Paired Samples T Test (Dependent Samples T test)
Paired-samples t test (dependent t test)
This is used to compare the means of two variables for a single group. The procedure computes the differences between values of the two variables for each case and tests whether the average differs from zero. For example, you may be interested to evaluate the effectiveness of a mnemonic method on memory recall. Subjects are given a passage from a book to read, a few days later, they are asked to reproduce the passage and the number of words noted. Subjects are then sent to a mnemonic training session. They are then asked to read and reproduce the passage again and the number of words noted. Thus each subject has two measures, often called before (or pre) and after (or post) measures.

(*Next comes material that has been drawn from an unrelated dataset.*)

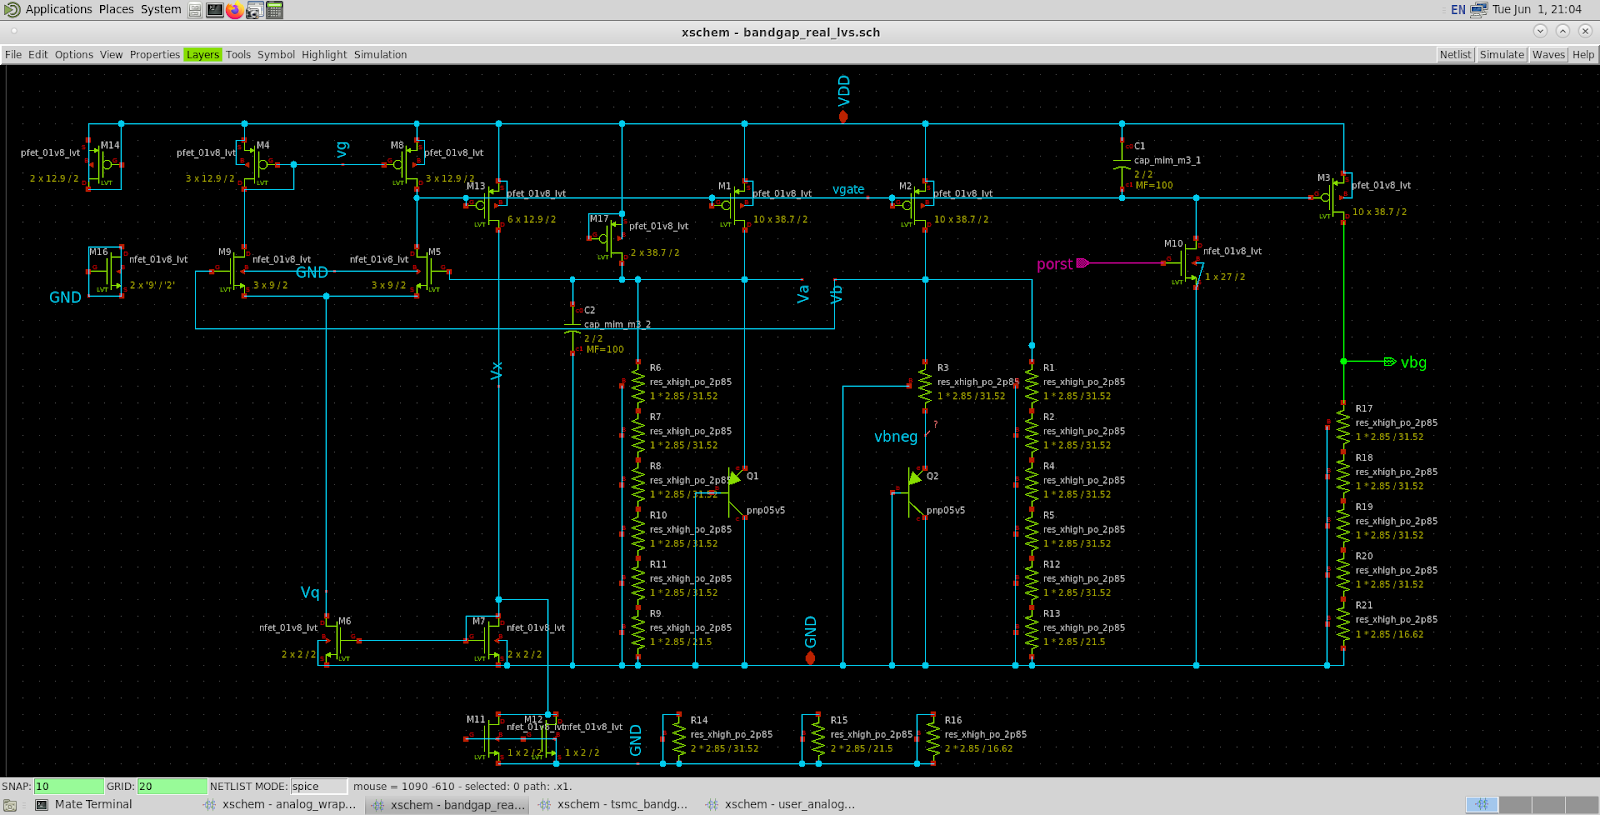 a screenshot of the circuit in this repository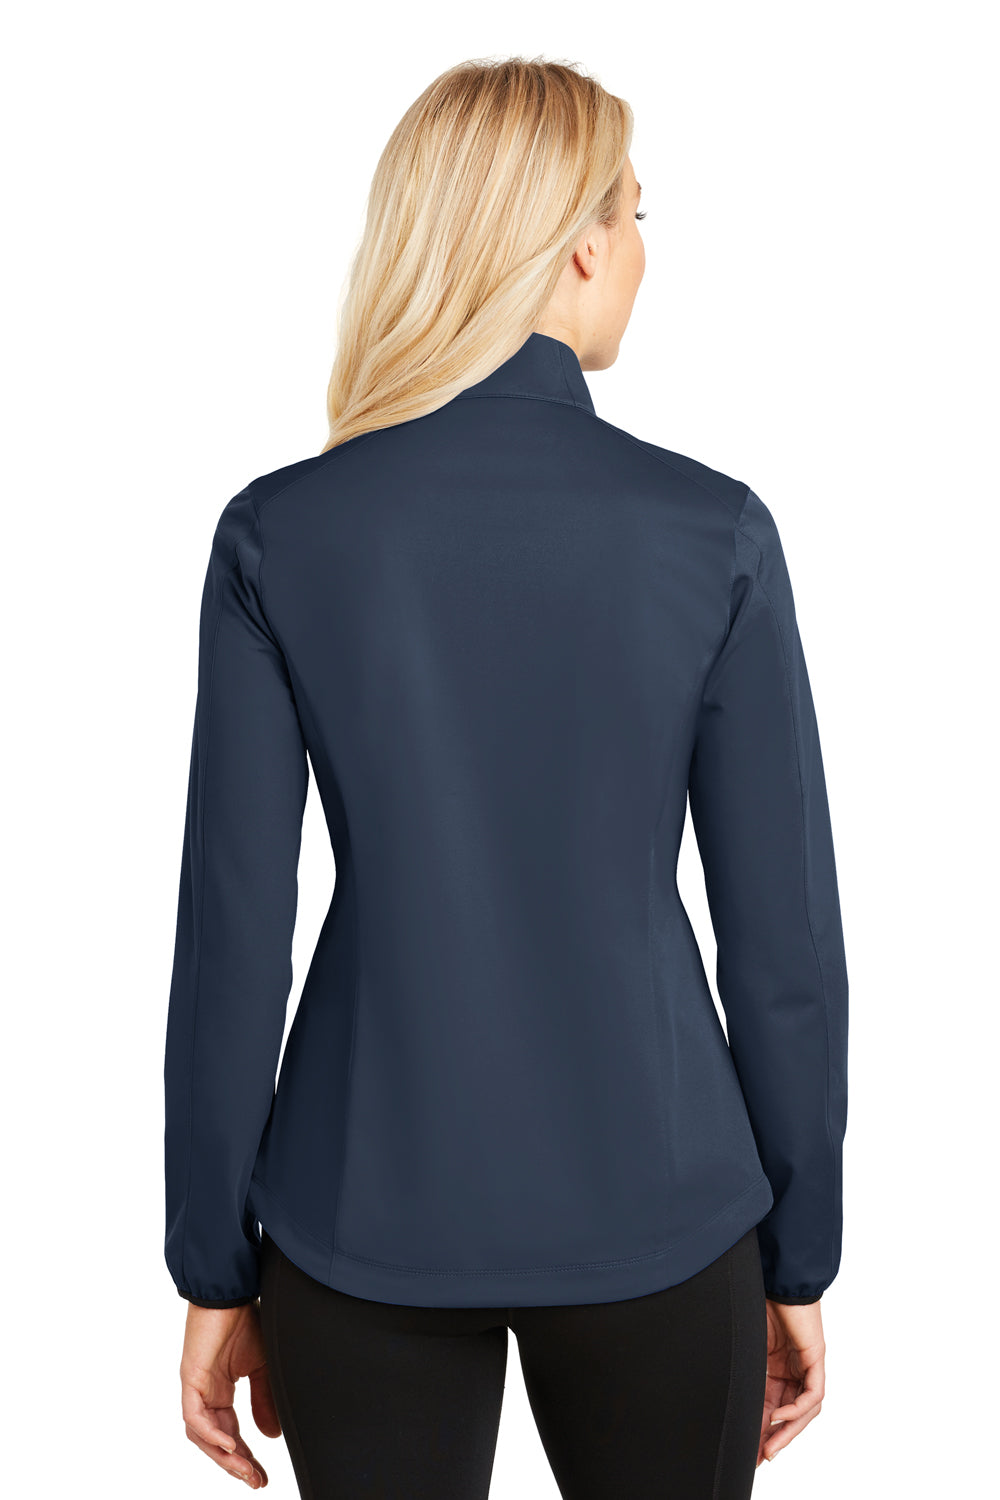 Port Authority L717 Womens Active Wind & Water Resistant Full Zip Jacket Navy Blue Back

An alternative design for which this test is used is a matched-pairs or case-control study. To illustrate an example in this situation, consider treatment patients. In a blood pressure study, patients and control might be matched by age, that is, a 64-year-old patient with a 64-year-old control group member. Each record in the data file will contain responses from the patient and also for his matched control subject.
Assumptions underlying the use of t test
Before we look at the details of how to perform and interpret a t test, it is good idea for you to understand the assumptions underlying the use of t test. The assumptions are:
- your data is normally distributed
- the variances between the groups are equal
- the sample size is adequate (at least 30 cases per group)
So, before you carry out any t test, you must check to make sure that your data satisfy all these assumptions. However, if your data seriously violates any of these assumptions then Non-parametric tests should be used. Non-parametric tests do not carry specific assumptions about population distributions, variance and sample size.
Exercise
Perform a Paired-samples t test (dependent t test) on the data on Table 1. This data file is stored in this location \\campus\software\dept\spss and is called b4_after training words.sav.
Table 1: Number of words recalled
You need to check whether the number of words recalled before training and after training are normally distributed.
Why do you think in this case it not necessary to perform the homogeneity of variance test?
Write down the null and alternative hypotheses for the Paired-samples t test (dependent t test):
Null Hypothesis (Ho): There is no difference in the average number of words recalled before and after training.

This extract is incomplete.